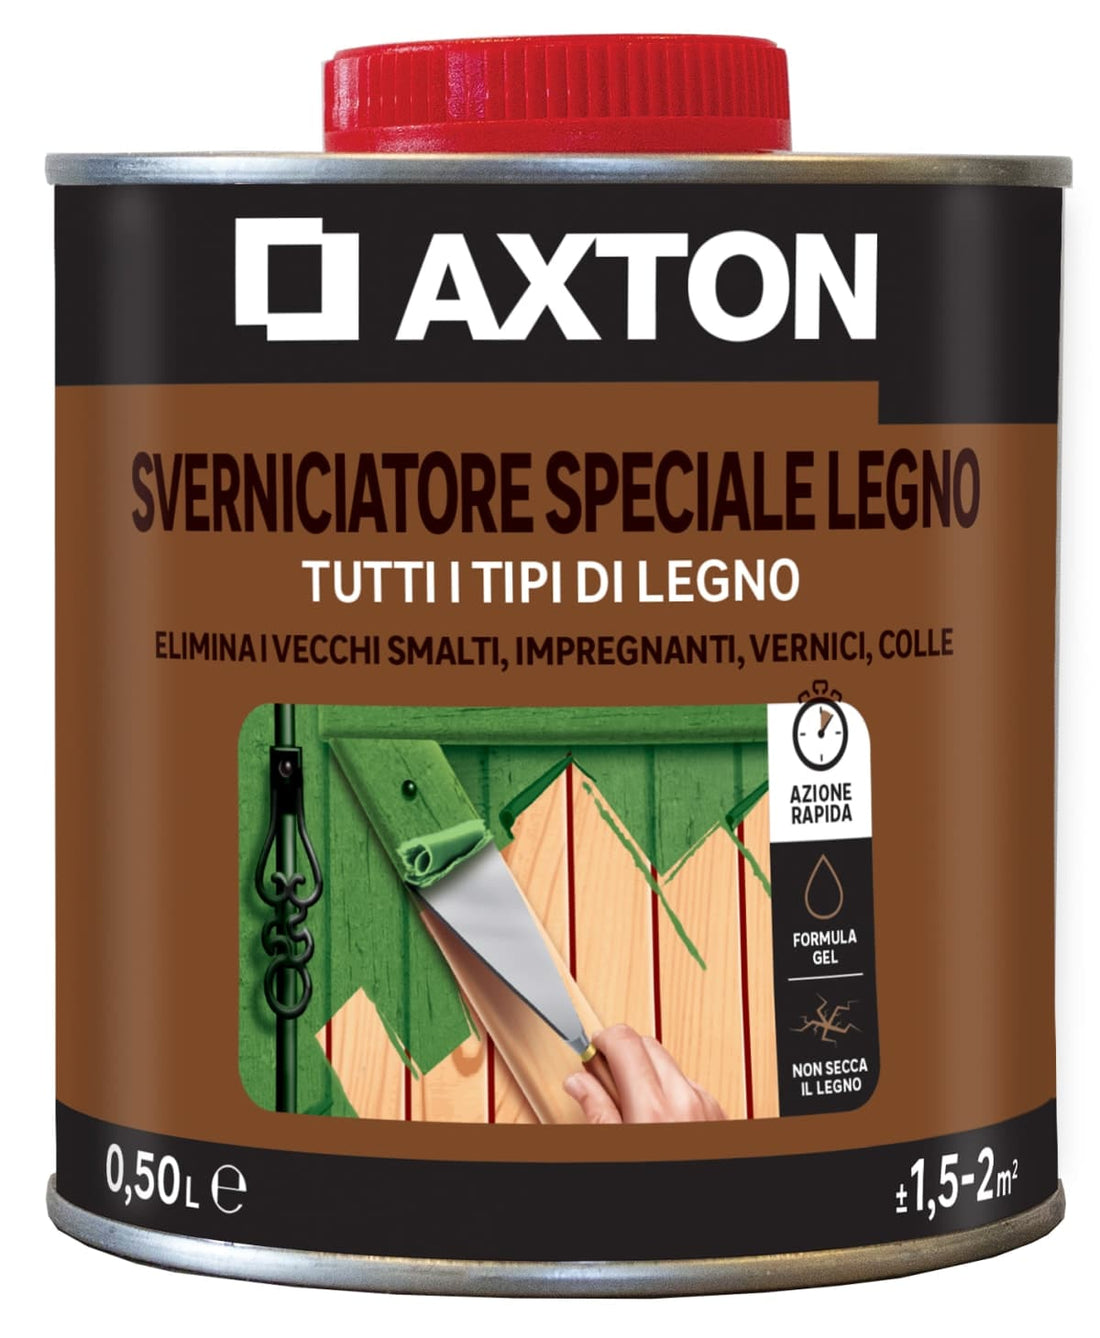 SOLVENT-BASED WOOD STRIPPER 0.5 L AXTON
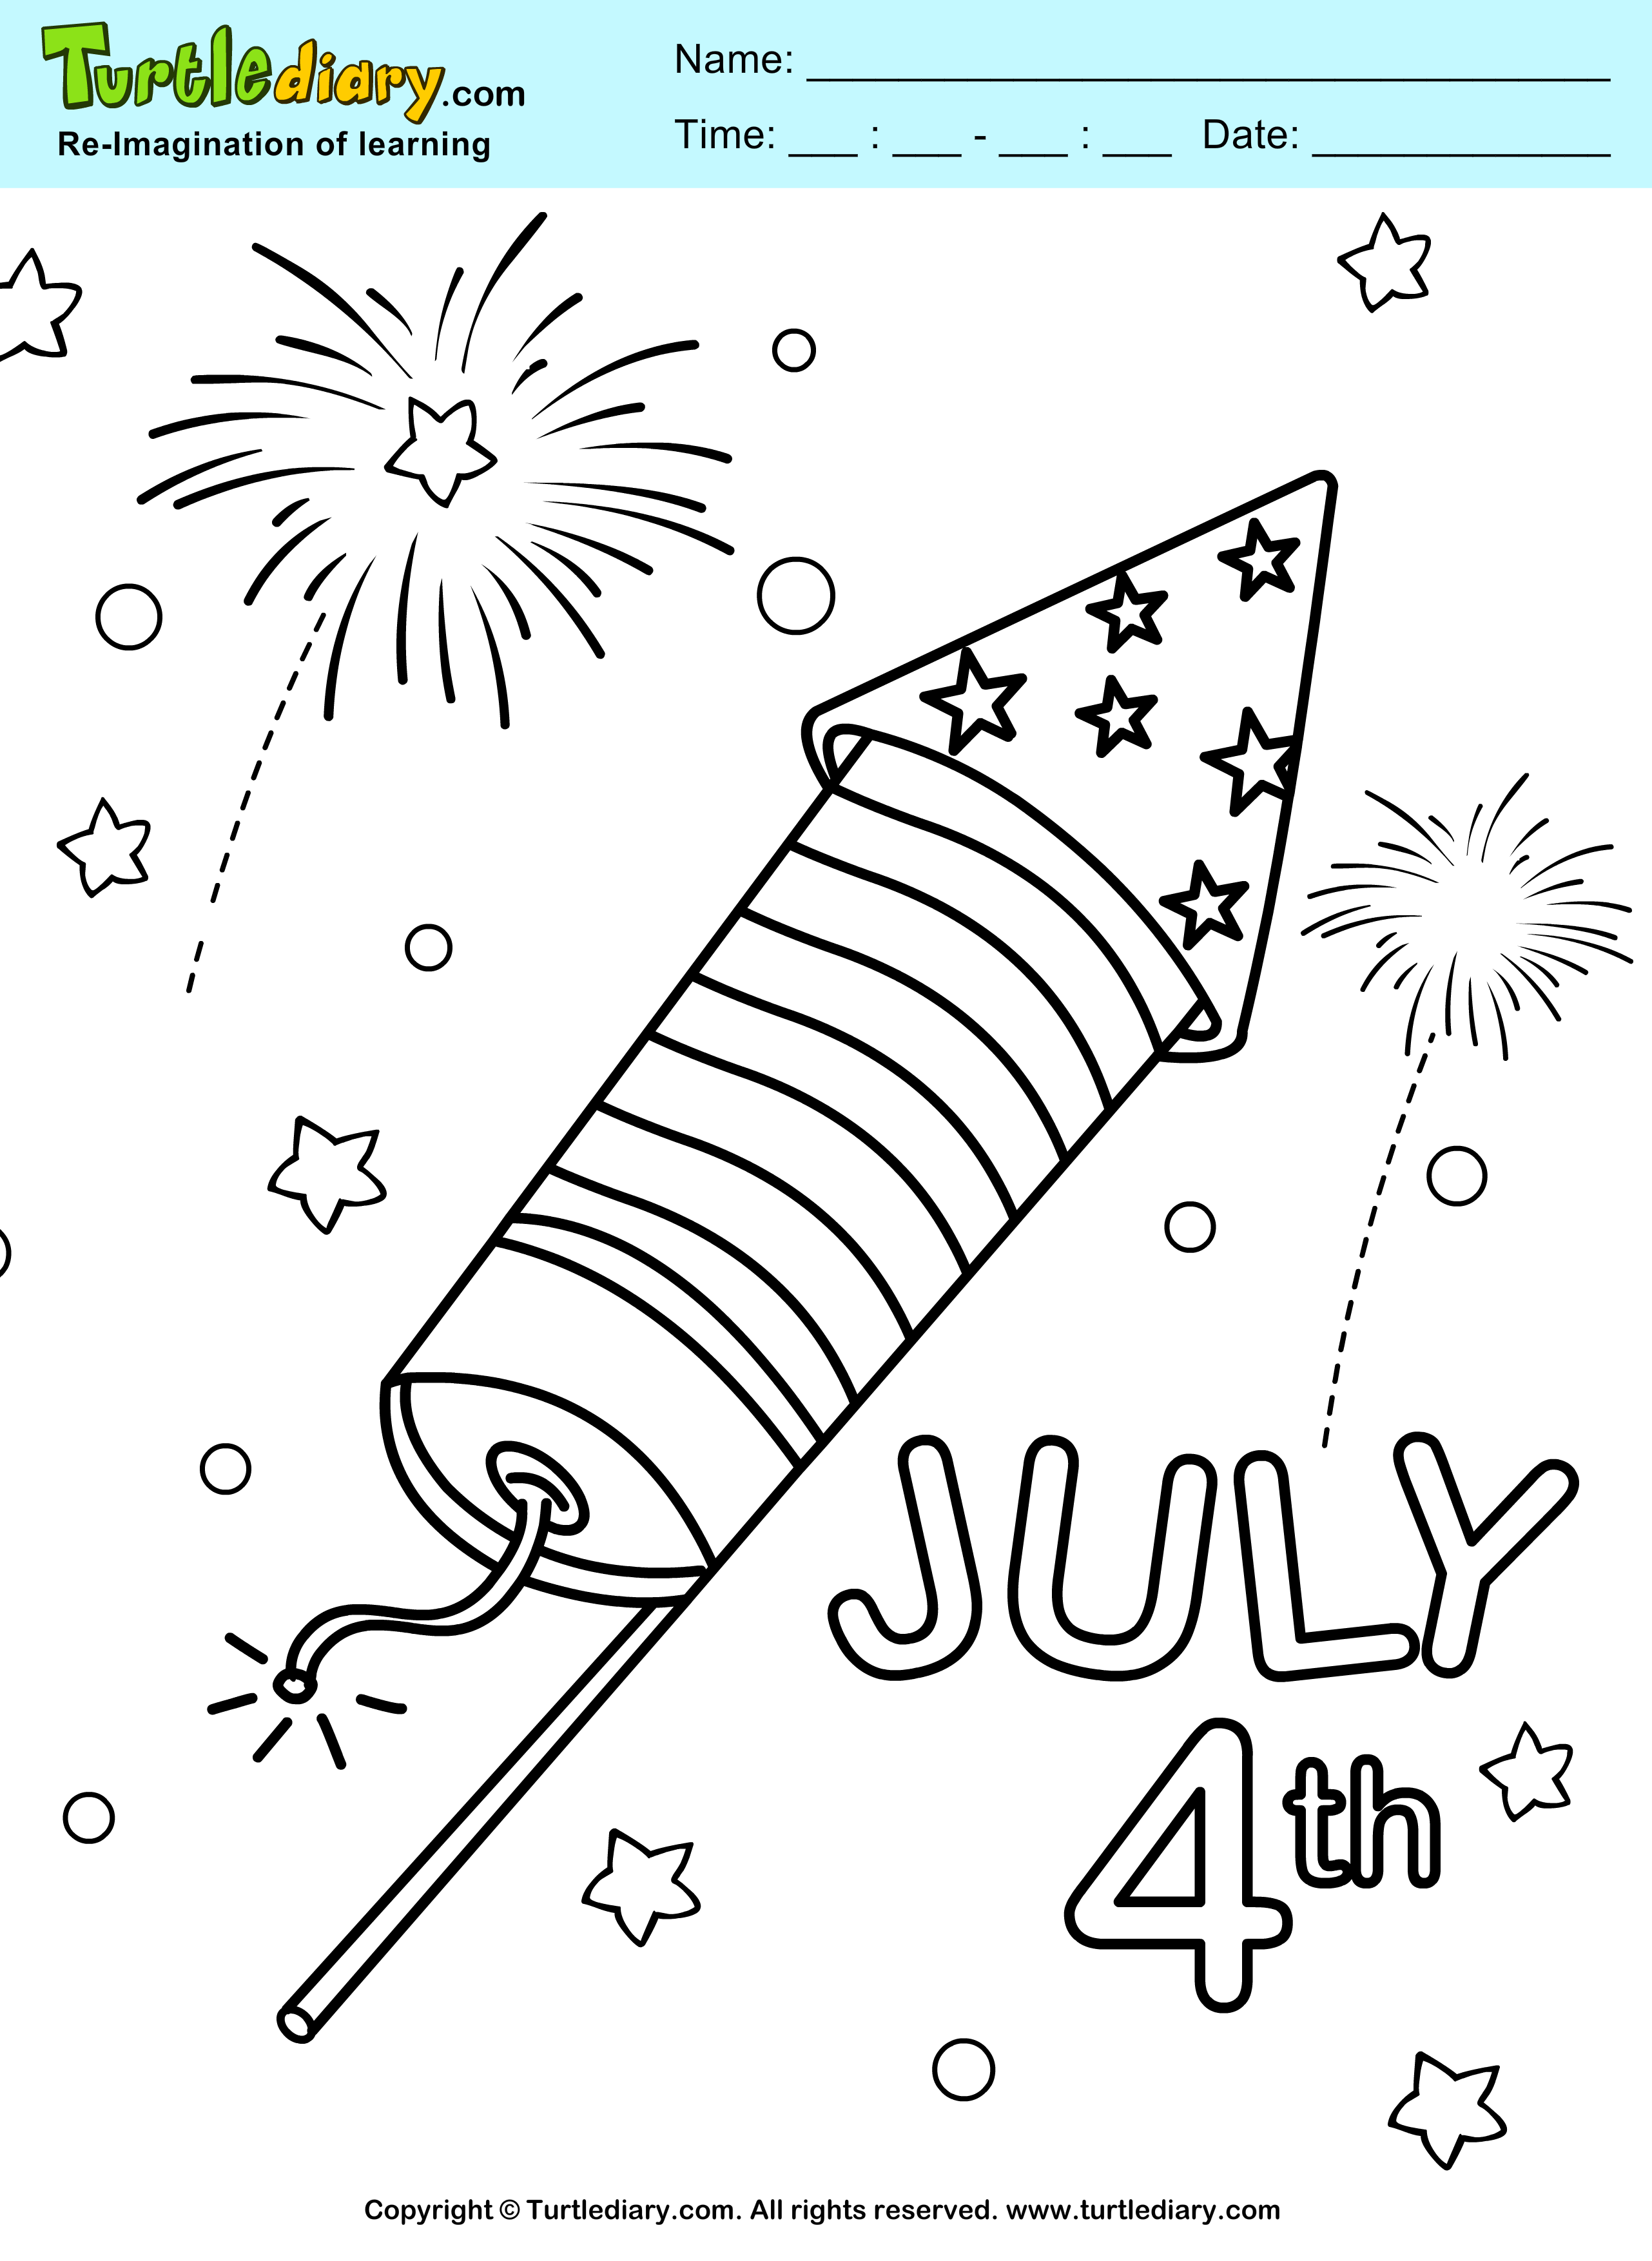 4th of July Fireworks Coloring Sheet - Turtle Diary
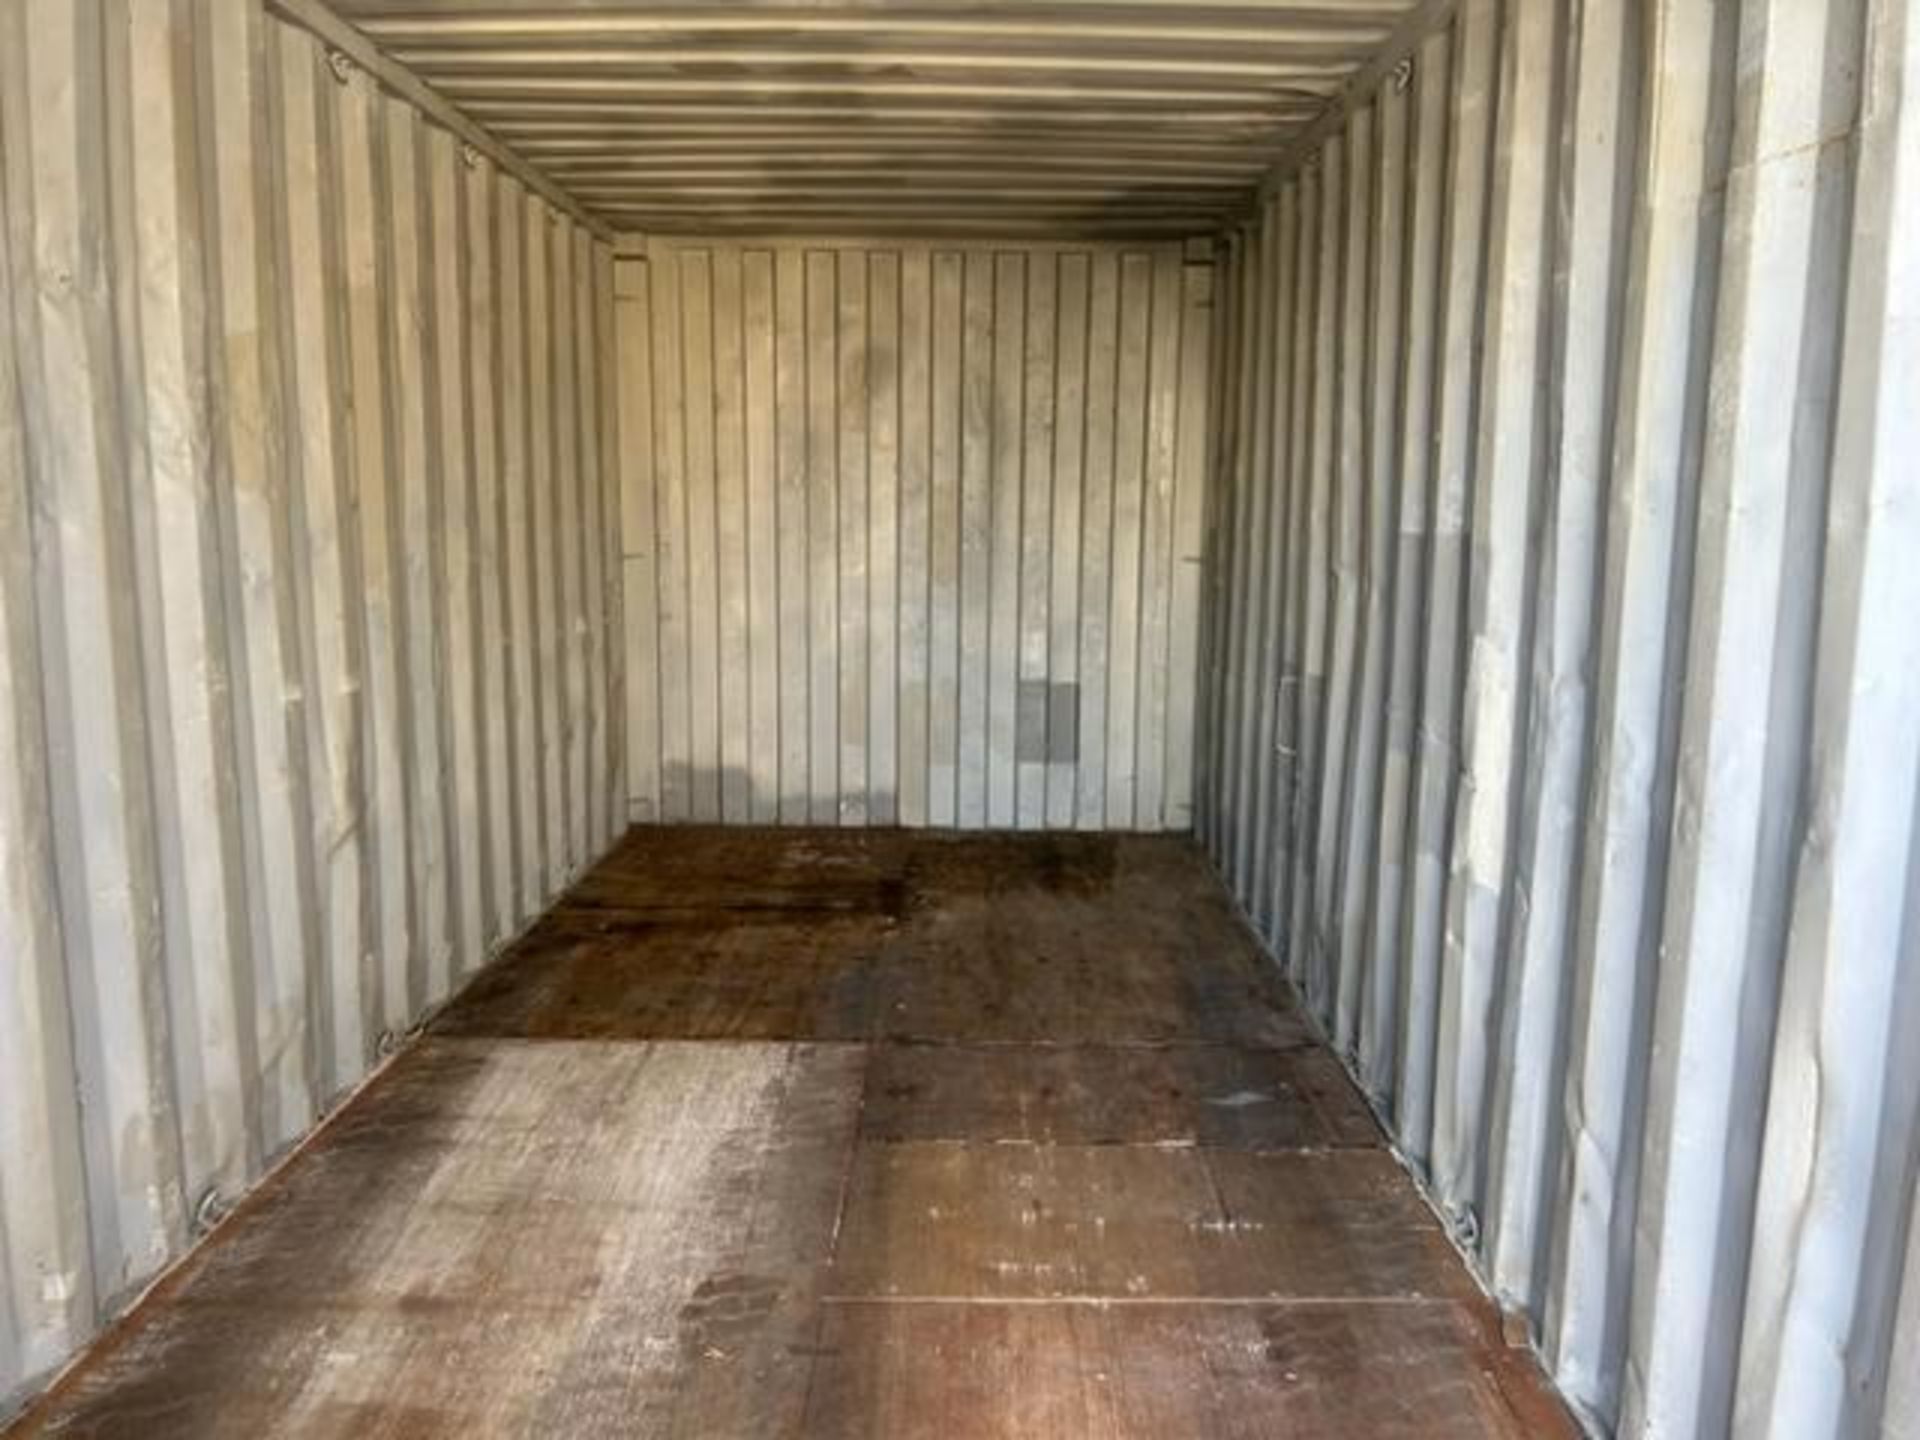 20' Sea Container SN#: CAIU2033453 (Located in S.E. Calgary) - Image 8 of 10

* **PROMPT**
Copy out all of the listing word for word, but skip the images.

* **EXERCISE OUTPUT**
 SOLVENT-BASED WOOD STRIPPER 0.5 L AXTON
 4th of July Fireworks Coloring Sheet - Turtle Diary
 20' Sea Container SN#: CAIU2033453 (Located in S.E. Calgary) - Image 8 of 10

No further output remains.